KP16 Keypad Driver

Hello!
My apologies if this is posted in the wrong spot or is totally off-topic, but I’m sure it’ll all work out.

I have a dilemma. In my possession is the discontinued KP16 keypad, which is normally used by being plugged into a main (GHI) board. Then, code is written to poll these keys through some implementation provided by Gadgeteer.
What I’m trying to do is take input from the keypad through GPIO on a non-GHI controller by polling the GPIO for highs and lows.

This means that when I press a key, I need to know exactly what pins on the KP16 board go high and which pins go low so that I can write my own driver for the controller that I am using.
I would really rather not shove wires into my cable coming off the KP16 and use a DMM to probe every single pin for every single key. If anyone already has this mapping, or if the current drivers are available to be viewed, it would save me a great deal of time.

Thanks!

@ andre.m - Thank you. This definitely feels like a step in the right direction. However, I can’t seem to find a code snippet for the retrieval of pin statuses. Unless they’re going some totally different route or I’m just glossing over it, I really don’t see anything that will help me here.

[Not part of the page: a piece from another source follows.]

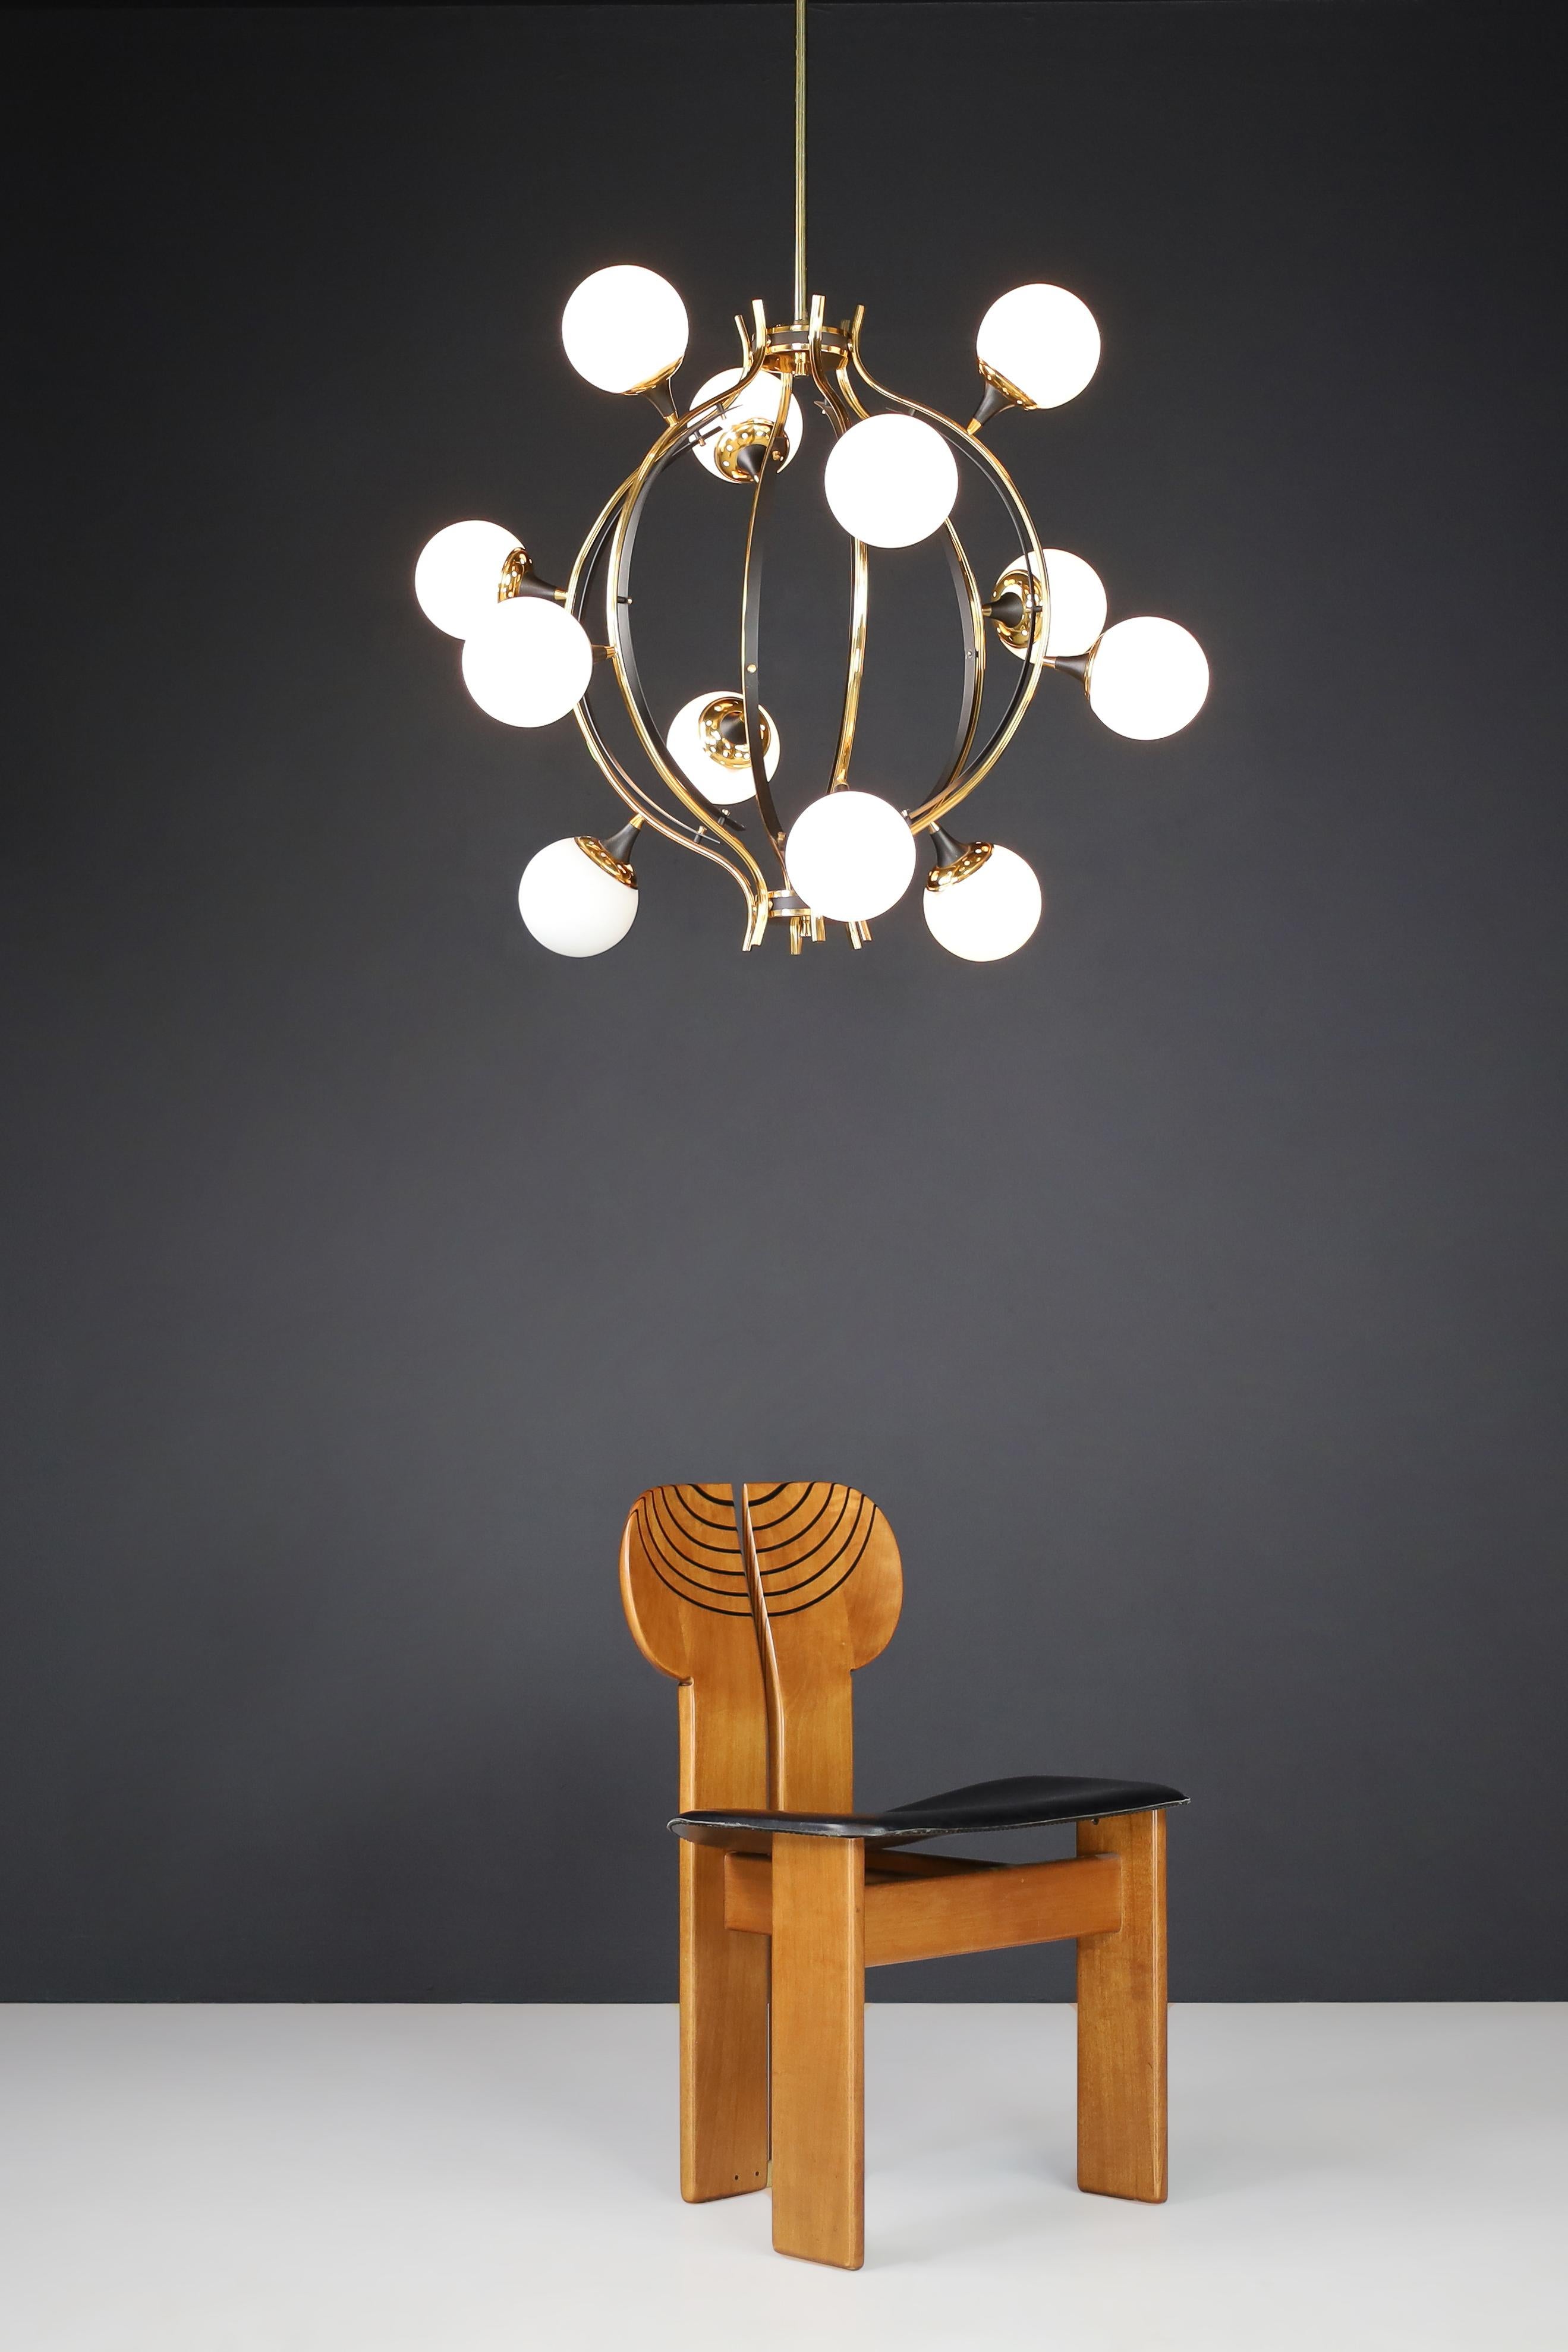 Midcentury Stilnovo Chandelier in Brass and 12 Opaline Globes, Italy 1950s For Sale 9

@ andre.m - No, IsKeyPressed is part of Gadgeteer’s implementations. Sorry if my question was unclear, I basically need to write my own IsKeyPressed. For this I need a list or similar of given voltages. For instance, something like:
“Key 1 pressed:
PIN3(A0) LOW
PIN4(A1) LOW
PIN5(ROW1) HIGH
PIN6(ROW2) HIGH
PIN7(ROW3) LOW
PIN8(ROW4) HIGH”

Or, even code that shows this happening would be fine too. I don’t mind doing a little… interpreting?

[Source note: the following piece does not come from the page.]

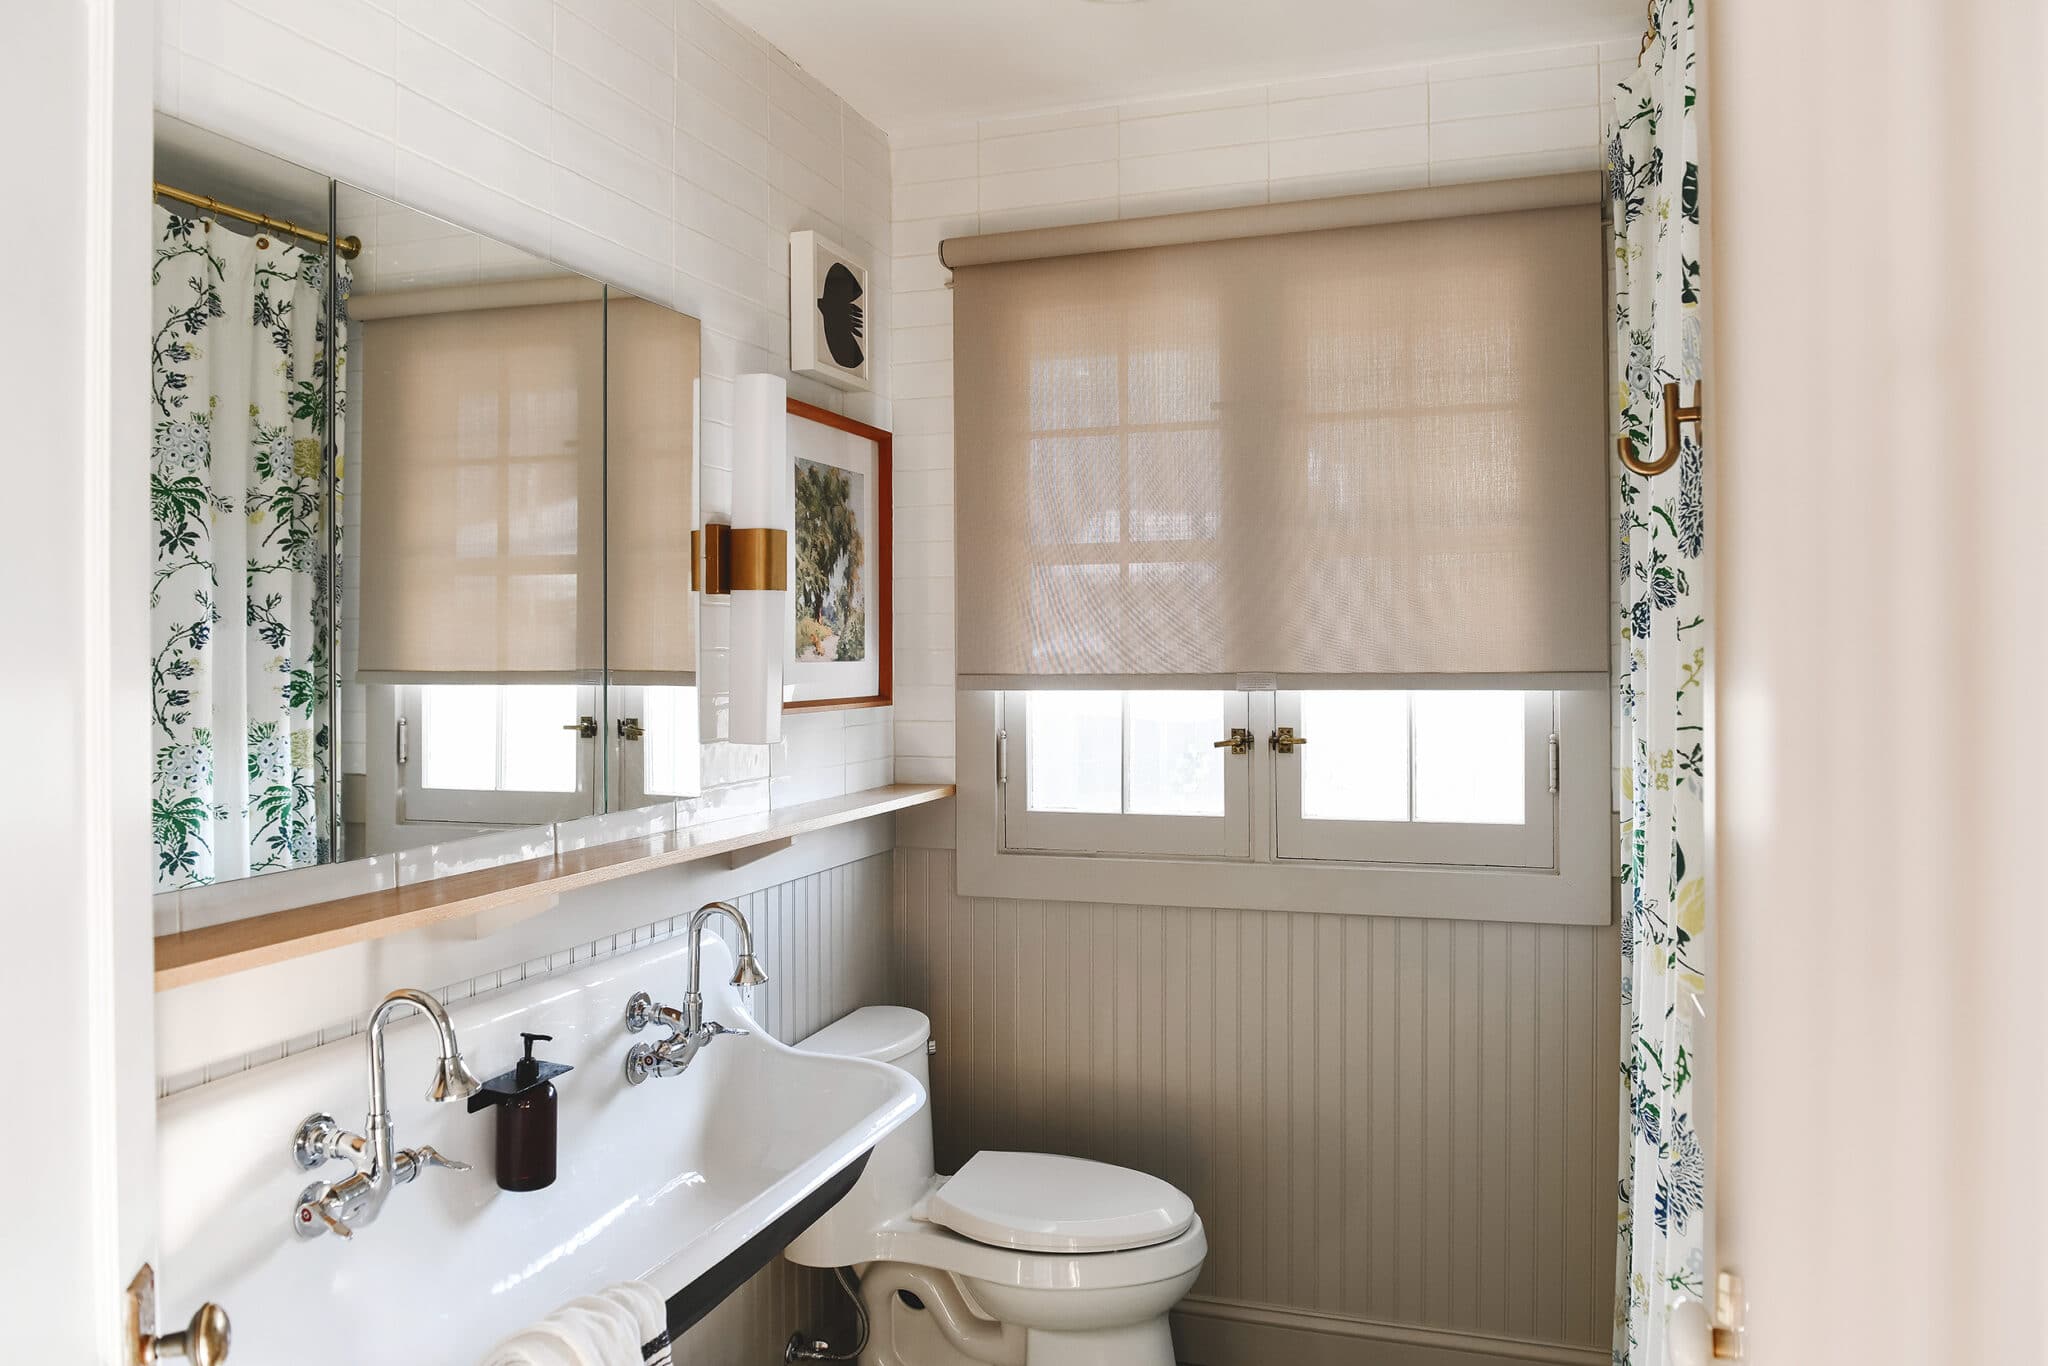 The solar shade in the bathroom matches the trim color more perfectly than we could have imagined!

Seeing as the hardware is open source, I was hoping that this kind of information was available.
What do you think?

The link provided by @ andre.m is the source code for the driver. It contains all the information you need to be able to port it to whatever hardware you are using.

Perhaps I’m reading this code wrong?..
I’m looking in the /Main/Modules/GHIElectronics/Keypad KP16/Software/ directory. Would you mind pointing me to a specific file here that you are talking about?

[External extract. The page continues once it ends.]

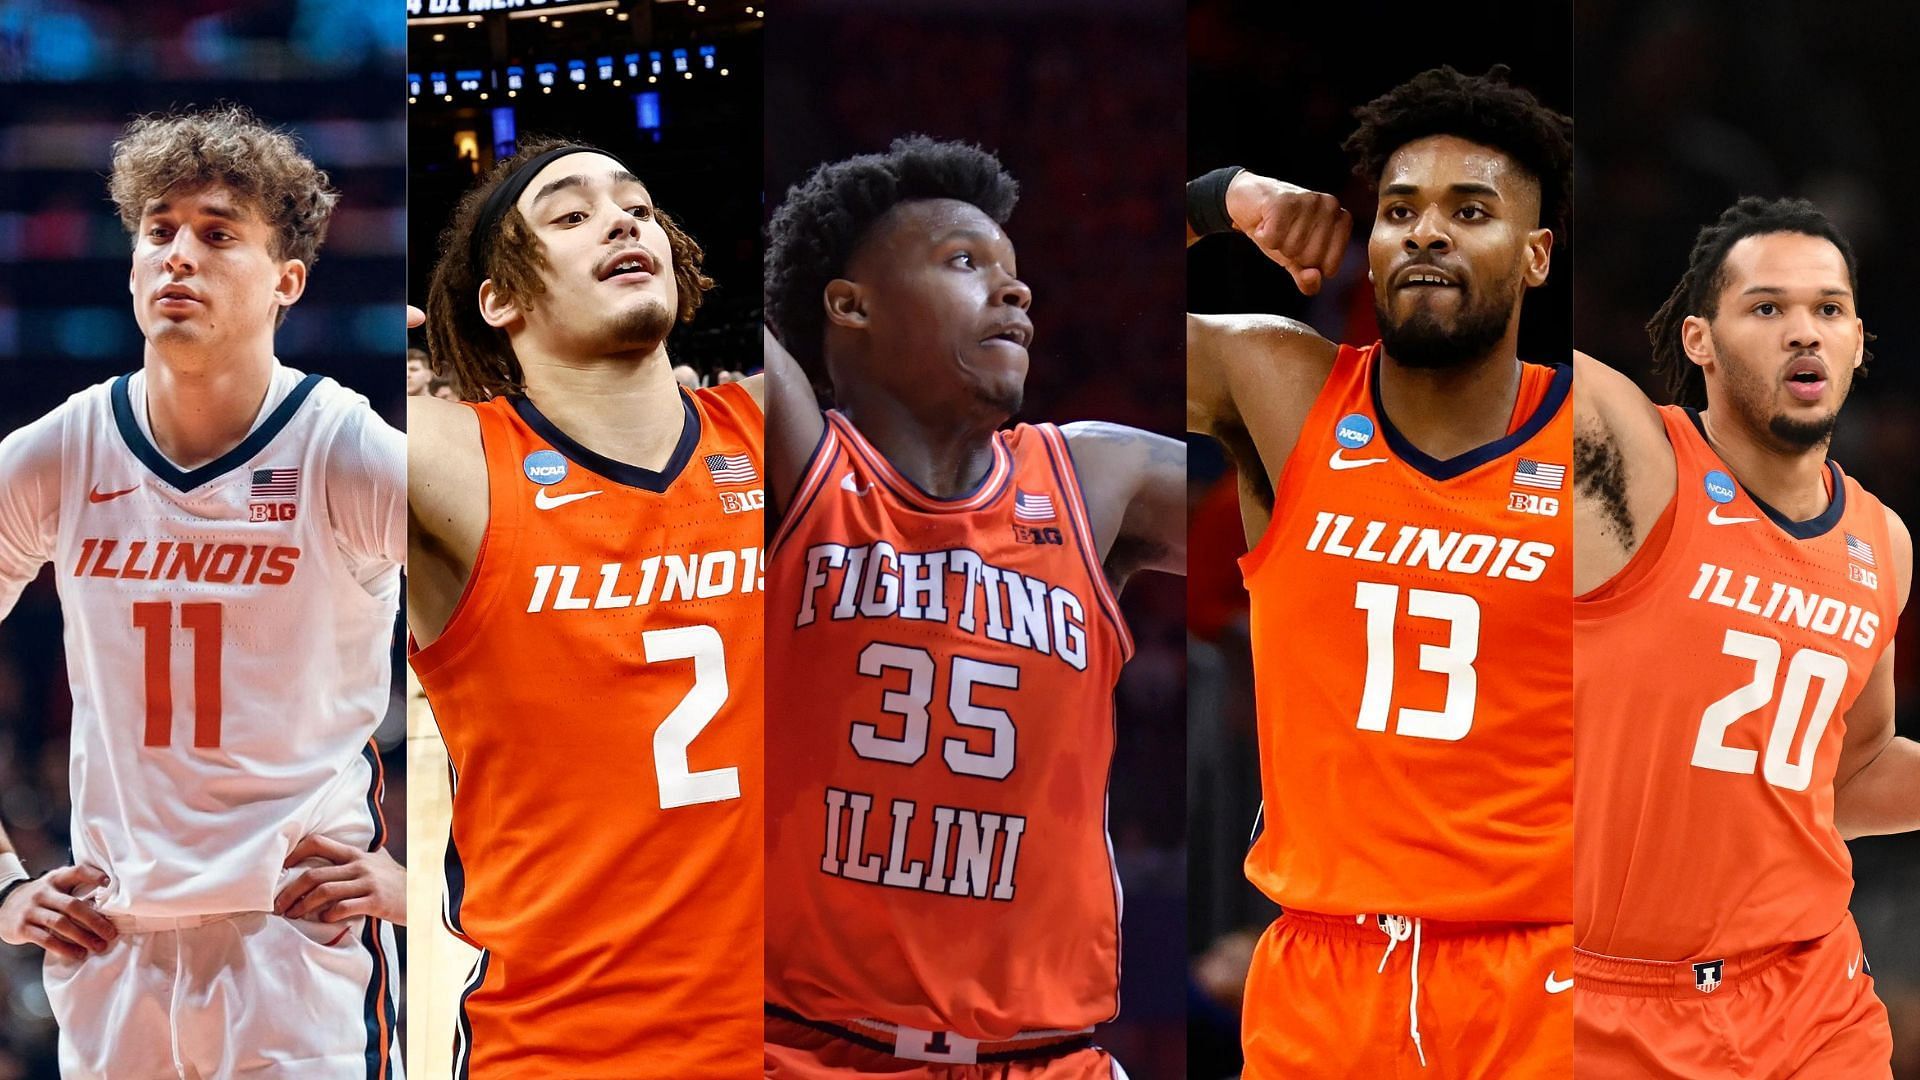 top 5 returning players for Illinois

http://gadgeteer.codeplex.com/SourceControl/latest#Main/Modules/GHIElectronics/Keypad KP16/Software/Keypad KP16/Keypad_KP16_43/Keypad_KP16_43.cs

This is the Gadgeteer driver source code for that module. (Edit Looks like the url isn’t being detected correctly but basically look at the Keypad_KP16_43.cs file)

Wow. What an adventure I just had. Thanks for the direction Sprigo, I had just kind of glanced over that part of the files (it actually exists in a couple of files in that directory).

Turns out, A0 and A1 are inputs. They specify what keys could be pressed for a given 2 bit state (2 bits = 4 states -> four columns). So, polling row 3, for example, will give you a different readout depending on if the inputs are given a 00, 01, 10, or 11.
I just tested it by hooking it all up and probing it out.

How strange, though. Because the keypad isn’t debounced and must be polled, this means my resulting code will have to flick 2 GPIO pins HIGH and LOW at the rate of… what, 10-30 mS depending on existing state? Very interesting indeed. This must have been necessary to keep a common connector and to keep the keypad as intelligence-free as possible. Or maybe some other reasons.

Anyhow, thank you both, (Sprigo and andre.m). I learned something today :slight_smile: Sorry for all the confusion.